Guardo
com ternura muitas recordações da minha infância. Mas são os
momentos passados na companhia da minha Avó que mais vezes afloram
ao meu pensamento.
A minha Avó tinha o mesmo nome que eu tenho; e também muitas pessoas
lhe chamavam como hoje me chamam: – Dona Maria.
Eu sou a mais nova de sete irmãos e fui sempre a mais fraquita de
todos; por isso eram poucos os dias de Inverno em que não estivesse
doente. Ainda hoje, o tempo chuvoso e frio me afecta negativamente.
Passava, por isso, muitos dias em casa e fazíamos companhia uma à
outra.
Então, naquelas manhãs mais frias (o aquecimento ainda não fazia
parte dos nossos hábitos) eu sentava-me na cama e envolvia pernas e
pés num cobertor da "serra", hoje felpudo, hirsuto, comparado com a
maciez envolvente dos cobertores e edredões dos nossos dias. Depois
de tudo arrumado e feitas as suas orações em frente ao oratório onde
guardava os Santinhos da sua devoção, ela vinha sentar-se junto de
mim, numa cadeira que era só dela, manejando habilmente entre os
dedos as quatro agulhas com que tecia as meias. O aroma a sabonete
que exalava das roupas de minha Avó misturava-se com o odor
característico daqueles cobertores e ainda hoje as minhas narinas os
recebem juntamente com as ondas da memória.

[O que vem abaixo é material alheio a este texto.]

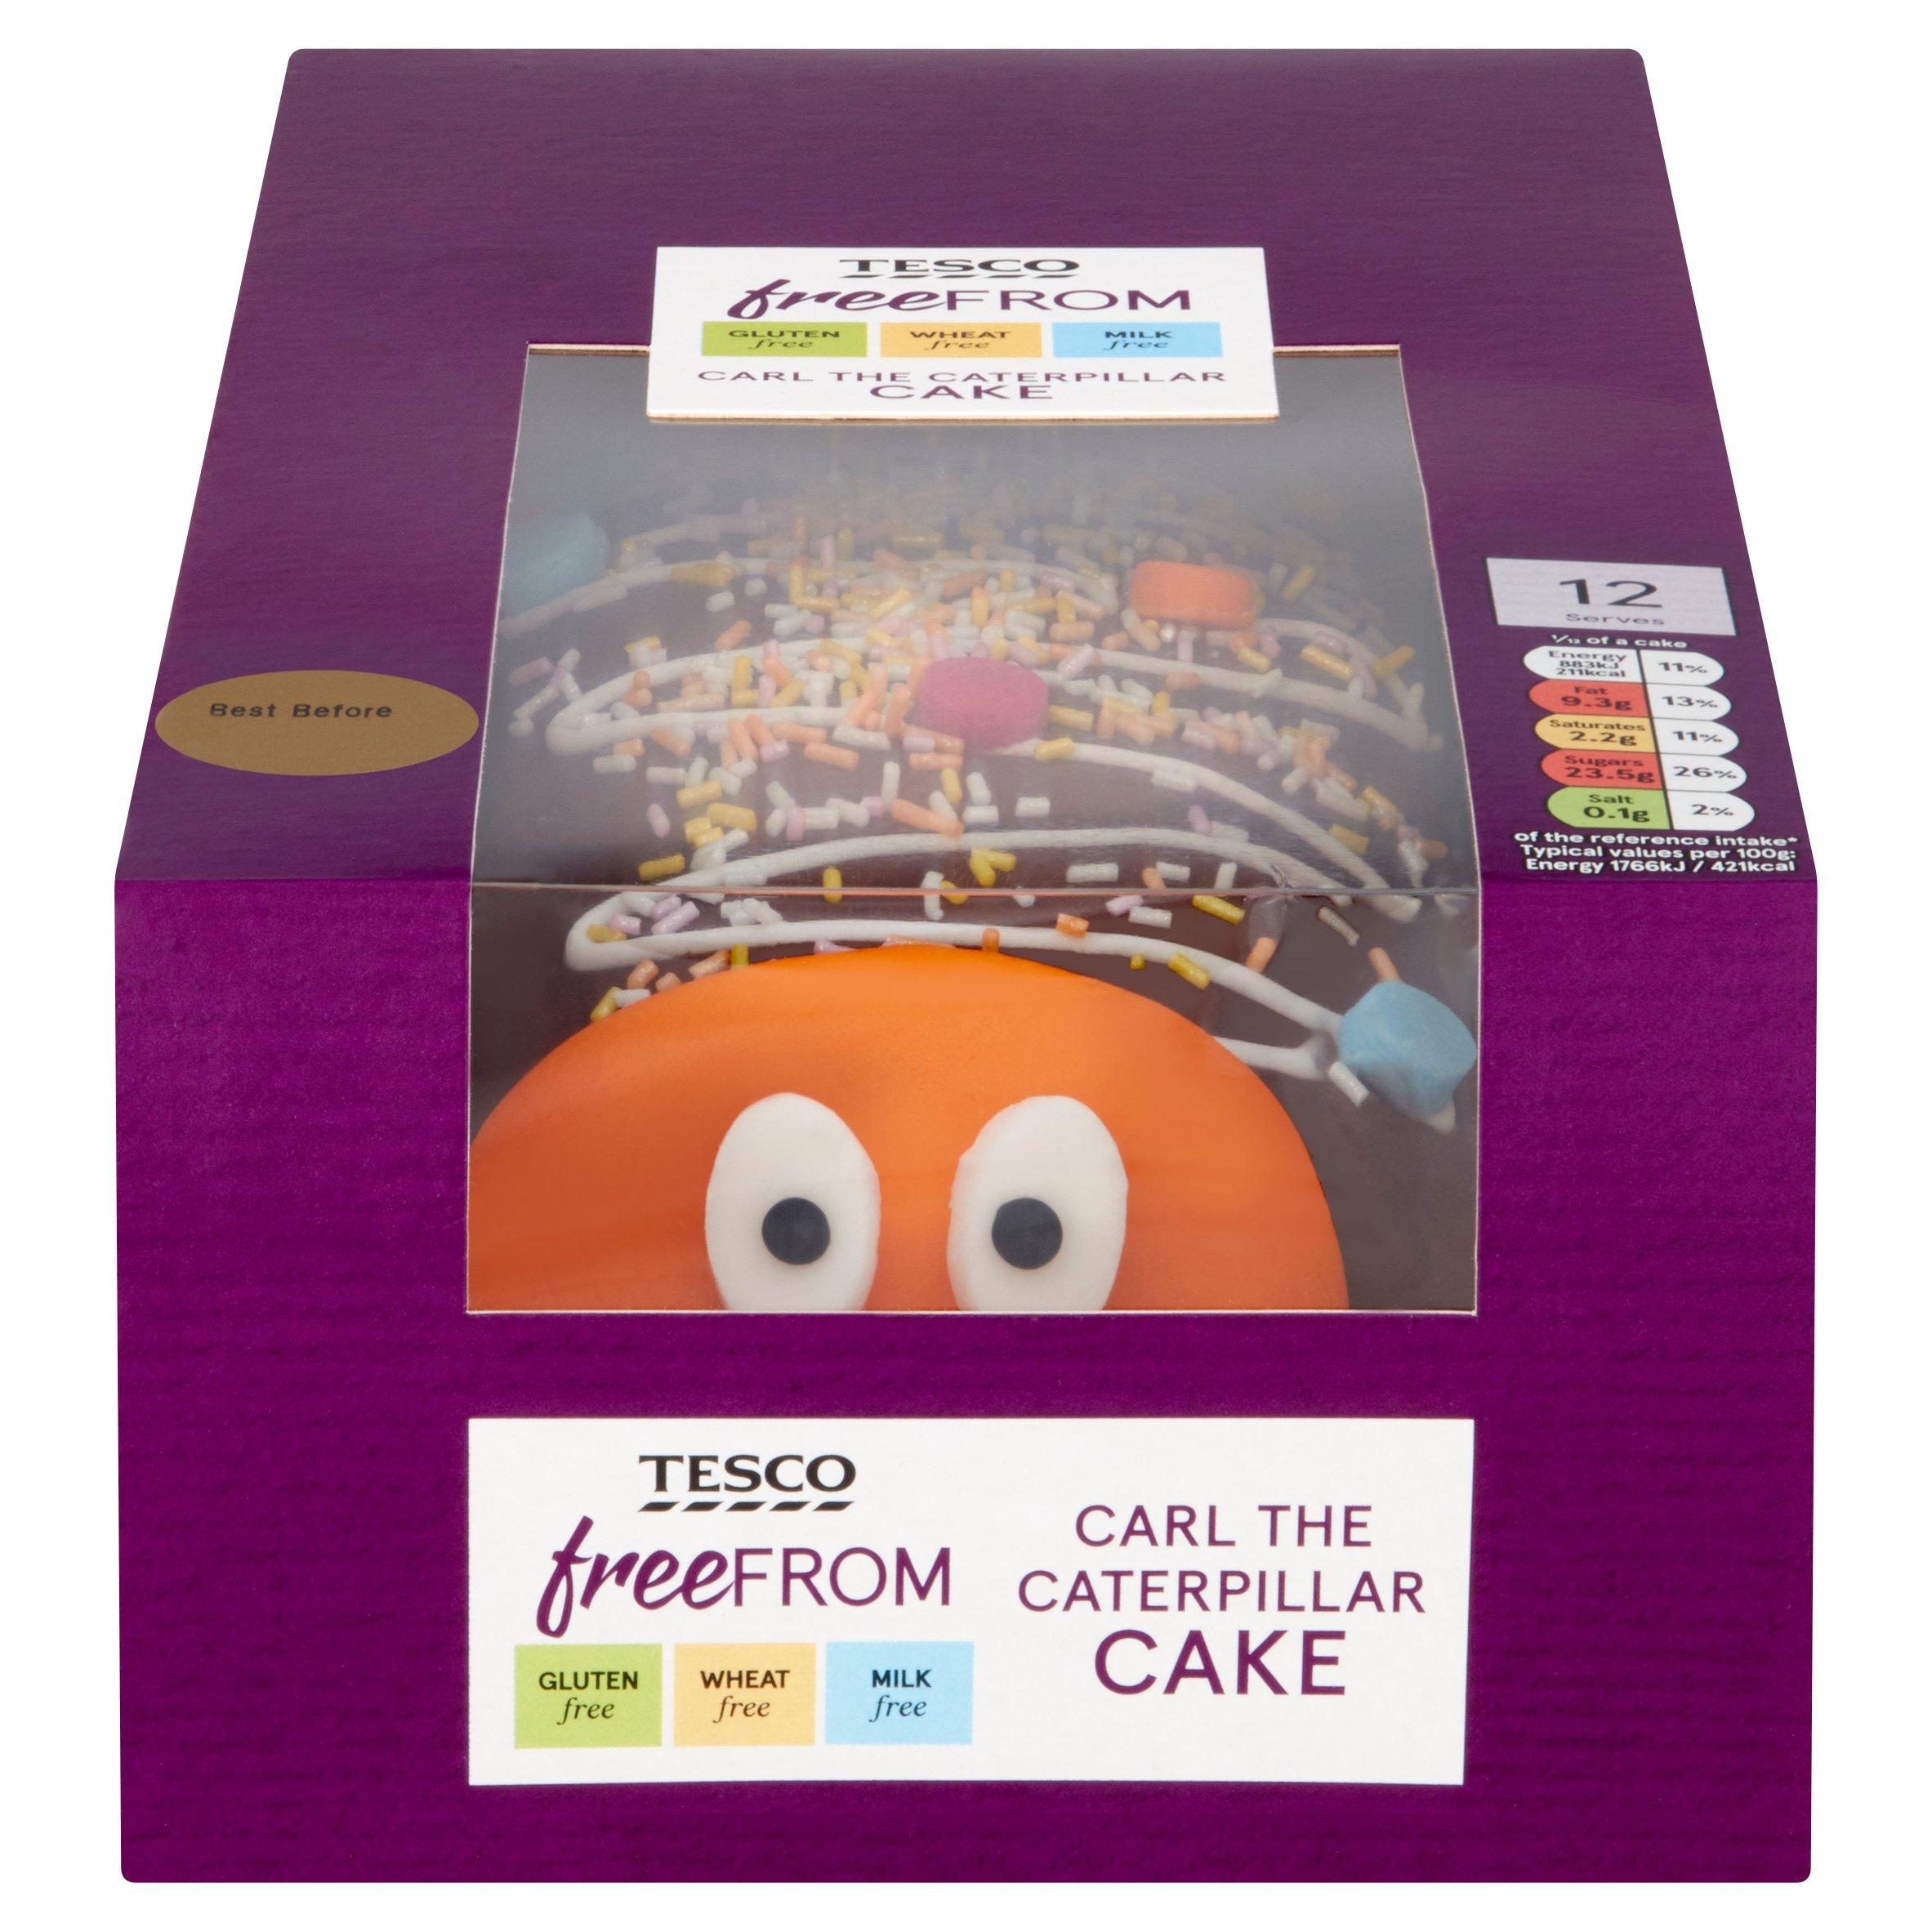 Tesco Free From Carl The Caterpillar Cake

A minha Avó tinha uma memória prodigiosa e as histórias sucediam-se
numa morna cadência que me embalava.
Hoje a T. V. substitui as avós e as crianças já não adormecem
docemente porque as histórias que escolhem para elas são demasiado
activas e violentas.
Da inumerável quantidade de histórias que a minha Avó sabia e a cuja
narrativa dava uma verdadeira interpretação de actriz, eram "Os
Milagres de Santo António" as mais bonitas. E eu chorava quando
Bernardo decepava o pé com que tinha batido na mãe ou regozijava de
alegria quando o Santo salvava o próprio pai da morte na forca,
dizendo em tribunal: " Eu não vim acusar culpados, mas sim salvar
inocentes".
Hoje, também eu já sou avó. Mas nada se repete como então. As minhas
netas não ouvem histórias de santos porque também não passam o
Inverno em casa, doentes. Os antibióticos e outros "antis" que agora
nos receitam, resolvem tudo em três tempos. As crianças de agora têm
já o seu dia muito ocupado; não podem estar doentes porque é urgente
chegar ao décimo segundo ano, é urgente entrar na faculdade; é
urgente acabar o curso; é urgente queimar as fitas e fazer
doutoramento; é urgente ficar de "canudo" na mão à espera de um
emprego que, por vezes, só existe no imaginário. Andam numa roda
viva e quase não têm tempo para brincar. E, se algum tempo lhes
sobra, brincam às escolas ensinando inglês ou dançando "ballet". As
bonecas já não são bebés de trapo ou pasta de papel e muito menos
louça fina. São as "Barbies", esbeltas, alimentadas a alface e tudo
nelas é esguio, as pernas, os braços, os cabelos... Mas não servem
para brincar. São de enfeitar e coleccionar. Já viram como as
crianças pegam nelas? Acaso as abraçam como nós fazíamos às nossas?
Bom, é o progresso! O tempo é como o relógio: nunca anda para trás,
nem bate as horas que já bateu.
Por isso, hoje, é mais difícil ser avó. Não podemos repetir o mesmo
milagre de Santo António duas vezes. Temos de entrar no ritmo de
vida dos nossos netos, acompanhá-los, conhecer os nomes dos seus
ídolos, adoptar os gostos que eles perfilham, entrar no turbilhão do
corre-corre das famílias de hoje. Porque se assim não fizermos,
vamos para a prateleira fazer companhia à "Barbie".